You have to do what you truly believe is the right thing for you. Only you can decide that.

I would definitely speak to my Neuro and get his advice. Ultimately, you're the one who's going to be taking the meds. He can only advise you of the pros and cons.

I hope you're one of the lucky ones who can tolerate Copaxone. I couldn't. That's why I chose the route I'm taking. But I tried all the conventional treatments before I said "no more".

You're in my prayers, AynaDee. I know it's a difficult decision and not one that's made lightly or in a rush. Whatever you decide we'll be behind you.

And I appreciate that SO MUCH Kitty!

I have a feeling that I am going to have issues on Copaxone as well. I just have that stupid sensitive body type

But it wouldn't be fair if I didn't TRY the least toxic DMD before I say no more would it?

I just want to be normal again, and I guess my way of thinking is... I'm going to have this disease forever, and it's going to make me feel abnormal quite frequently, so why add drugs to make me even more abnormal? PLUS I feel that the drugs make my MS really angry, and sometimes I can't tell if the symptom I am experiencing is MS, drugs, or MS acting up BECAUSE of the drugs.

such a confusing process this all is, understanding what I am putting into my body and what it is doing to me, and what direction do I go from here.

I feel like I am on a road, and I just got to the fork, now, what path do I take?

I feel like the path to my left (which is the path to stay on a DMD) is dark. and the path to my right (which is off of DMD) is lit.

But then what if the path that's lit is misleading and once I get halfway down the lit path it turns black.

ha!
THIS IS A GAME OF TRICKERY!

I figured it out!

It's hard......and that's an understatement! Nobody knows which is the best route to take....including the doctors.....but all we can do is try them all and then stick with the one that we feel most comfortable with.

MS is such a mystery of a disease. It would be so much easier if we all had the same symptoms and there was one medicine that would help all of us. But, that's not the case.
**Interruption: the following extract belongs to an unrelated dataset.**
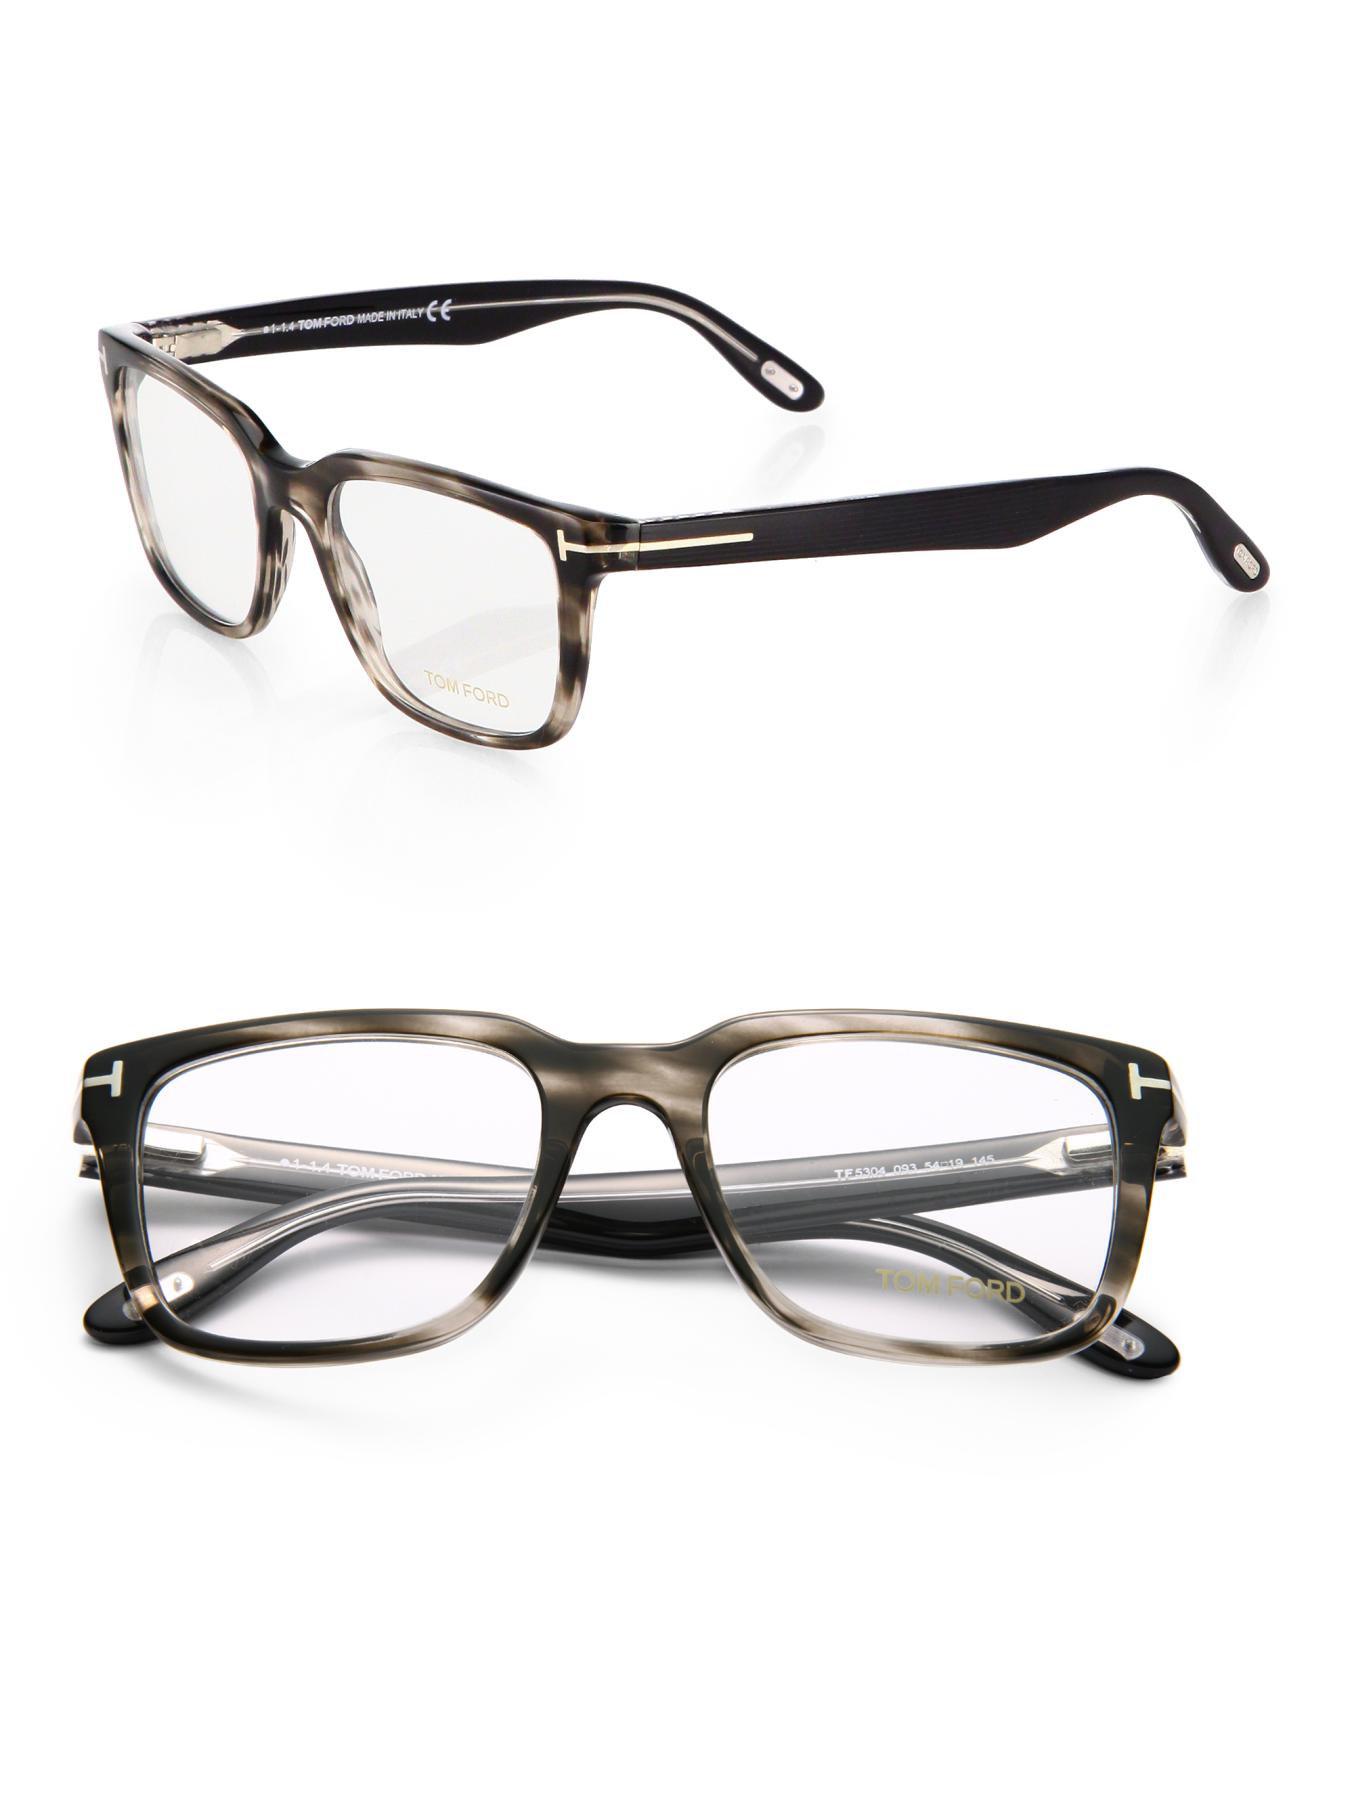 Lyst - Tom Ford Square Optical Frames in Gray for Men

It took me several years to finally get my own personal treatment plan honed in to what I'm doing now. Lots of trial and error. Lots of money spent which I didn't have.
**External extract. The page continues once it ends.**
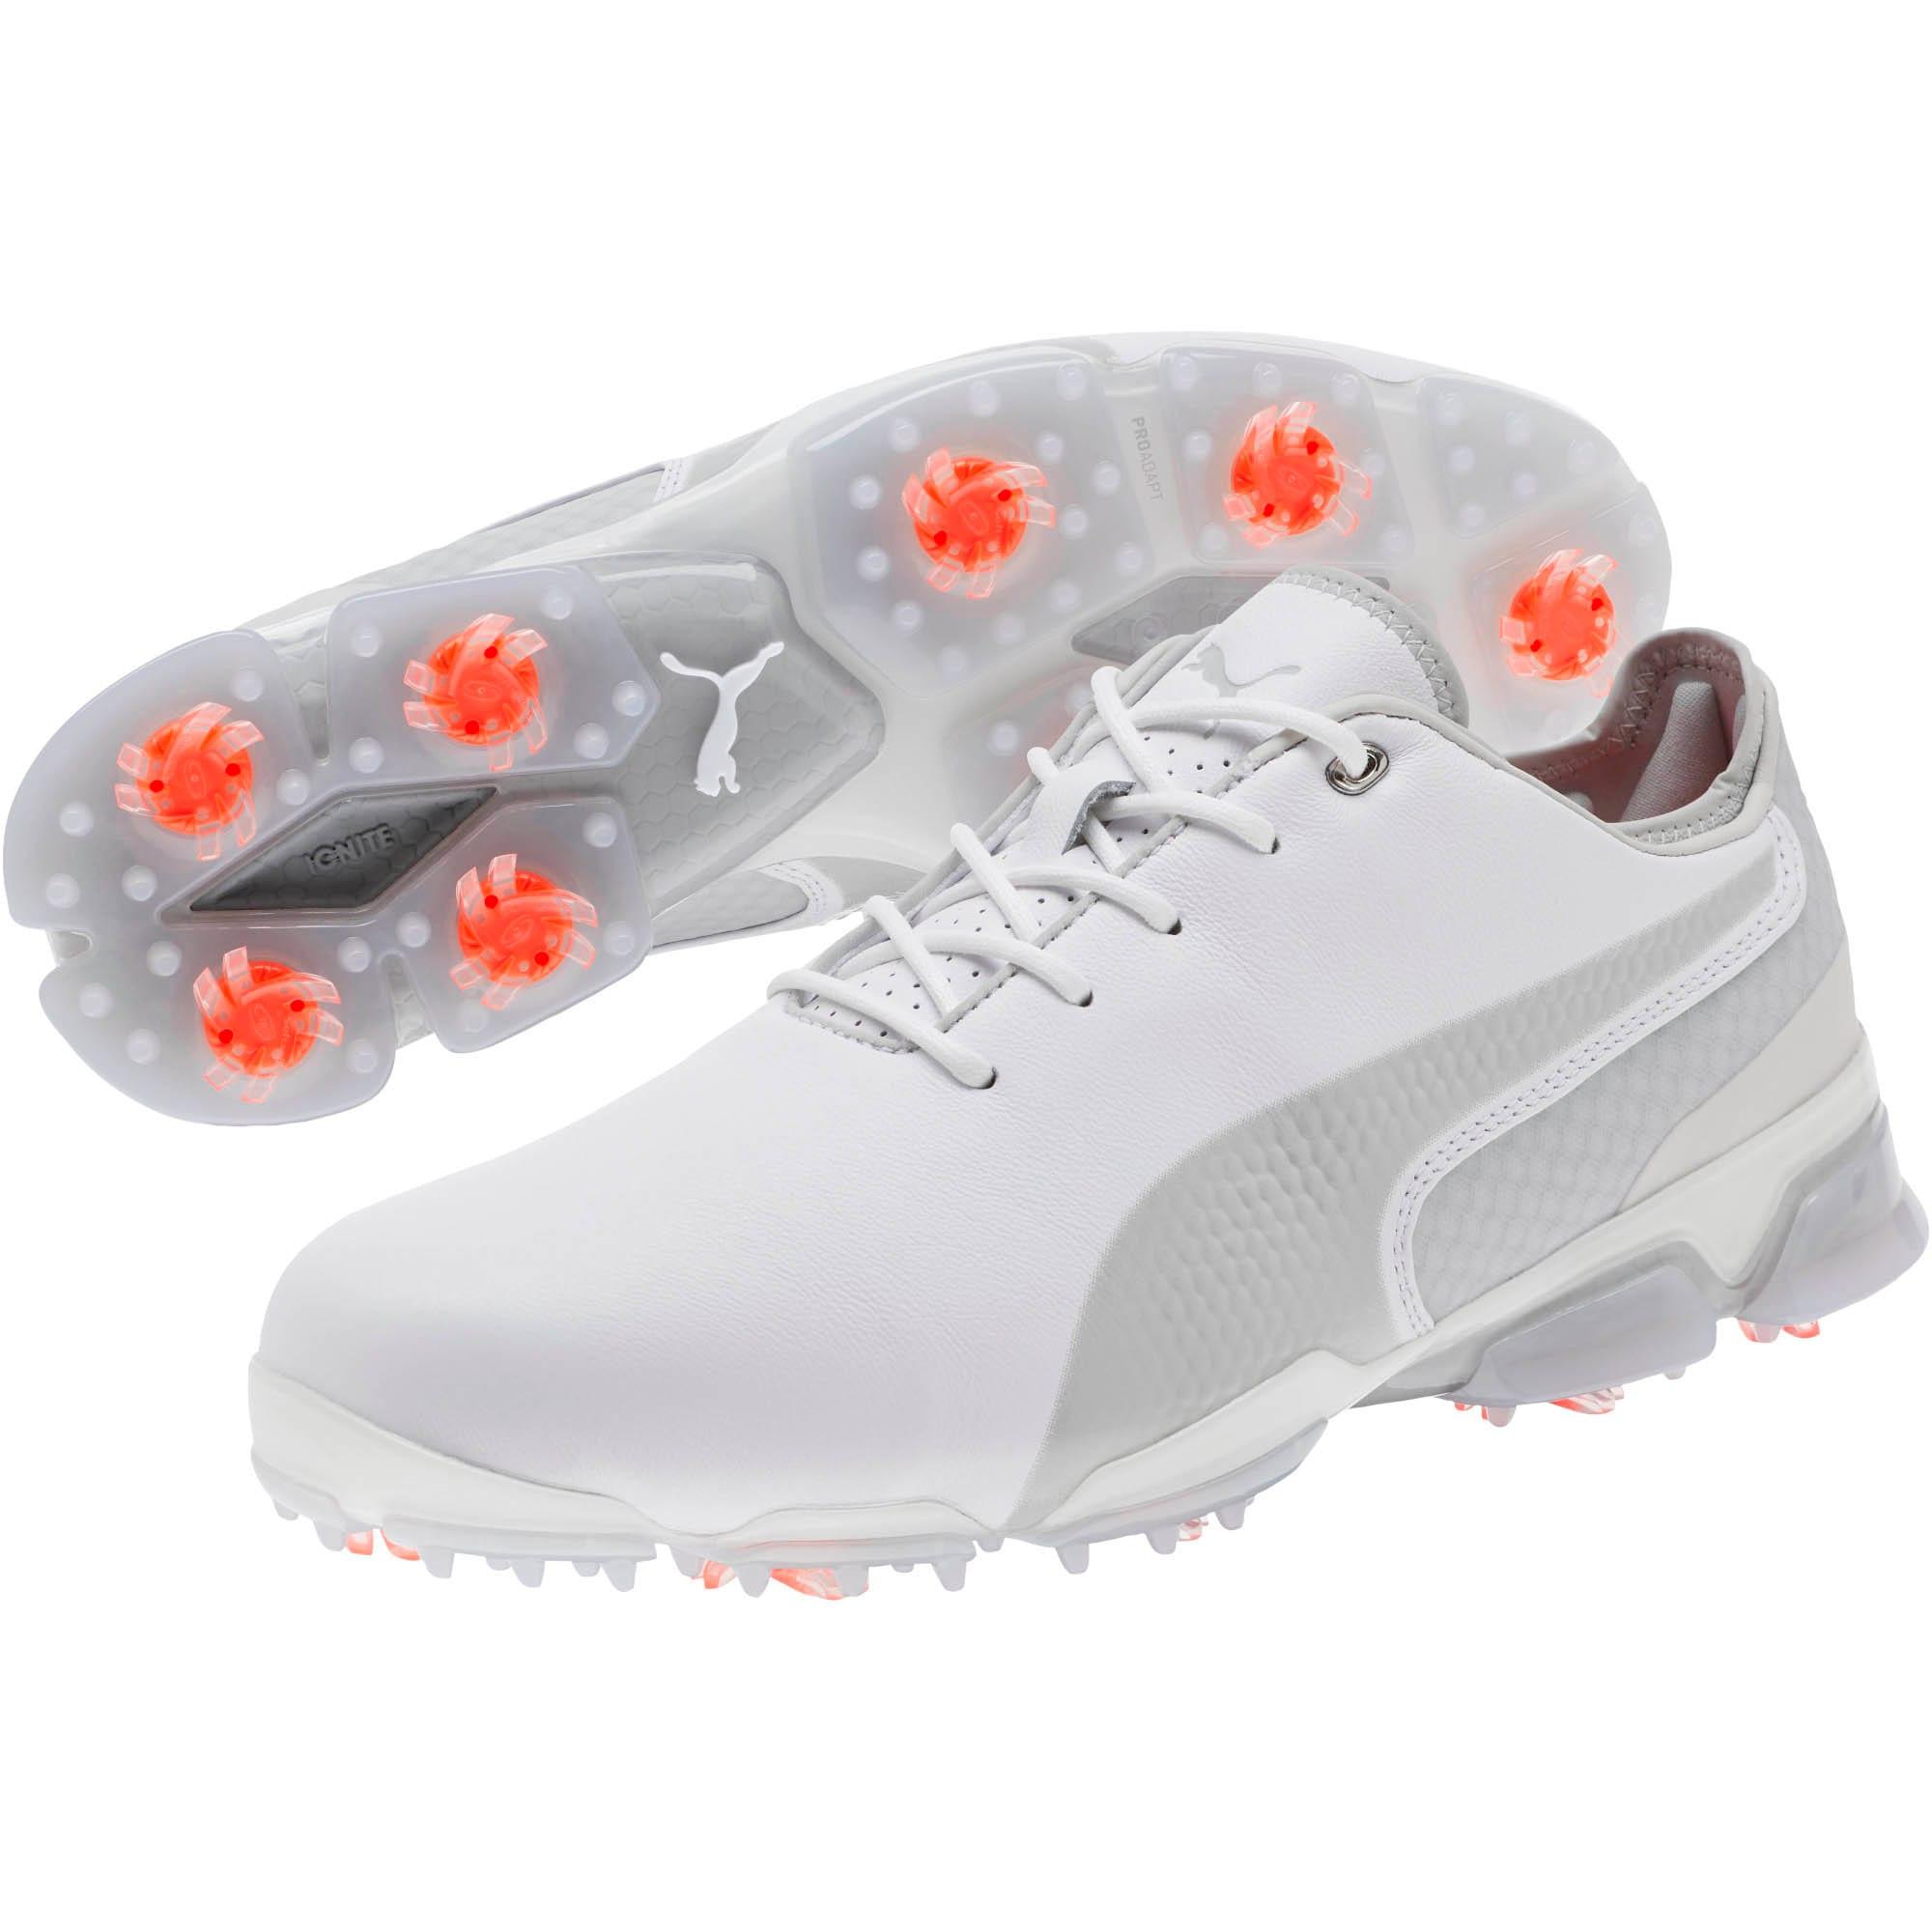 Thumbnail 2 of IGNITE PROADAPT Men's Golf Shoes, White-Gray Violet, medium

I know you're anxious to get on something that helps your condition and doesn't make you feel terrible in the meantime. If you're planning to talk to your Neuro about switching to another treatment I'd suggest arming yourself with information about whatever meds you're willing to try. If your doctor is willing to prescribe LDN here is a website that gives lots of info about it. www.lowdosenaltrexone.org
Let him know you've done your research and know about the drugs.

Good luck!

Hey Ayna. I tried rebif for 2-3 months and said enough. I no longer had the side effects (take at night and sleep it off) but Copaxone which I was on 3yrs prior had ZERO side effect, it just stopped working on me. I went to Tysabri. MS is still progressing on Ty + the dozen supps i take but i'd never go back to injections. Infuse every 28 days = easy. Zero sides from Ty for me. I swam 20 laps when i got home from last infusion.

Will someone please inform me what Copaxone "does"? I didn't take the interferons (I
guess it is an Interferon?) when my only dx was MS; I did the Swank diet and it was enough to give me a pretty good but anxiety filled life. I took Interferon (that being its name) for Polycythemia Vera and had to stop due to severe side effects (rash, itching increasing, neuropathy in feet increasing, breathing at night not good). But I knew what it was supposed to do, that is, cut back on platelets in my blood, which were over a million.
So what is Copaxone's action? I know I can google it, but sometimes I find the answers on google to be to "broad" and too concerned with covering the whole waterfront of answers rather than giving a specific one. Thanks.